После окончания военных действий Паскевич, говоря с императором о Муравьеве, сделал такой нелестный отзыв:
– Я вам говорил, государь, что это педант, неспособный чем-либо управлять!
Может быть, этот отзыв подсказан старой неприязнью Паскевича к Муравьеву, но вернее другое. Паскевич знал Муравьева на Кавказе как смелого, находчивого, предприимчивого генерала, на педанта во всяком случае он не походил, а в Польше Паскевич увидел лишь обычного служаку, не проявлявшего никакого особого рвения, исполнителя предначертаний высшего начальства.
Чем же была вызвана столь необычная для Муравьева пассивность в военных действиях? Думается, не только подавленным состоянием, в котором находился он после смерти жены, но и тем, что ему трудно было разобраться в сложных причинах и противоречивых обстоятельствах польского восстания. Шляхта не думала о свободе польского народа, об уничтожении феодального гнета и революционных преобразованиях, она стремилась к разрыву с Россией, чтоб усилить свои права и привилегии, честолюбиво мечтая о расширении польских границ за счет украинских и белорусских земель. А европейские политиканы, воспользовавшись случаем, призывали свои правительства к крестовому походу на Россию под предлогом помощи восставшему польскому народу.

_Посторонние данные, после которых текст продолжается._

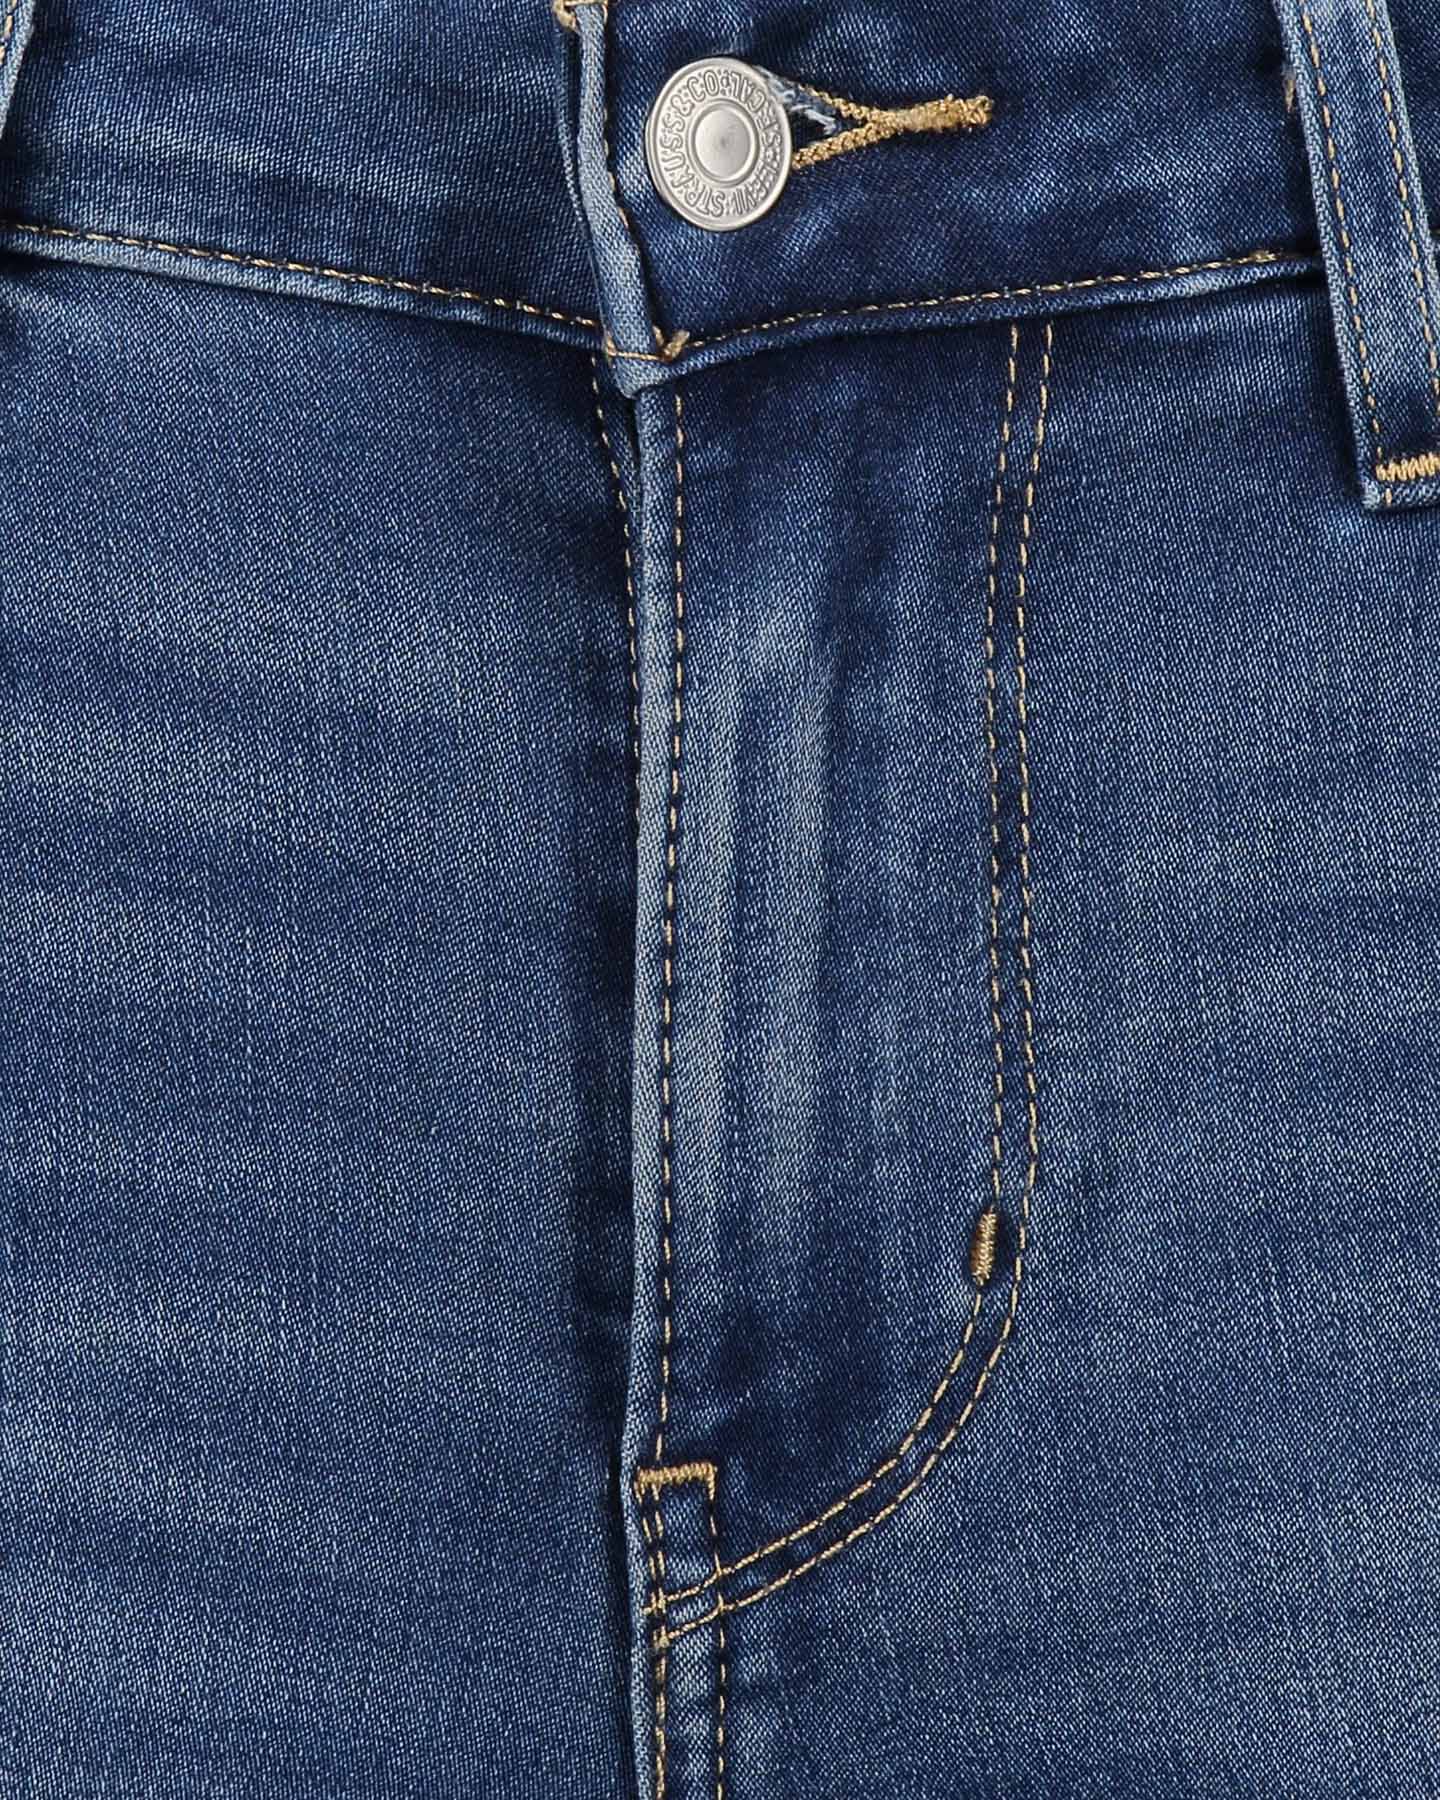  Jeans LEVI'S 711 SKINNY W S4070518|0417|26 scatto 3

Свойственные Муравьеву, как и другим дворянским революционерам, сословные предрассудки и противоречия не позволяли, конечно, сделать верной оценки польскому восстанию. Однако, судя по некоторым его записям, произведенным три-четыре года спустя, в его отношении к польским мятежникам можно различить и нотки известного сочувствия. Так, в 1834 году он по поручению брата Александра ходатайствует об улучшении жизни сосланного в Сибирь участника польского восстания некоего графа Мошинского и добивается в конце концов перевода его на жительство из Сибири в Чернигов. Между тем жена Мошинского во время ссылки мужа вышла замуж за гусарского ротмистра Юрьевича и явилась к Муравьеву за каким-то советом. «Мне противно было видеть женщину, столь нагло поступившую с мужем своим, – с негодованием отмечает в „Записках“ Муравьев. – Наши русские жены иначе поступали в бедственный год изгнания мужей их: они последовали за ними и, разделивши участь их, сделались и жертвами преданности своим мужьям. Иное было поведение полек: ни одна не последовала за мужем своим; иные за других замуж вышли, а все почти ограничили действия свои одним ношением траура, который долее носили те, коим он к лицу шел».
С явным презрением относится Муравьев к такому поляку, как граф Ржеуцкий, который «служил в последнюю войну против соотчичей своих и делал сие с наглостью, служа более лазутчиком, чем военным человеком, и продавая, может быть, обе стороны».
Муравьев сторонился общества богатой и знатной шляхты, не имеющей никаких прочных убеждений, готовой служить кому угодно. Зато, когда в находившиеся под его командой войска присланы были рядовые польские повстанцы, он заботится о том, чтоб они «никем не были обижены», и приехавшему на смотр императору рапортует, что «люди сии вели себя примерно».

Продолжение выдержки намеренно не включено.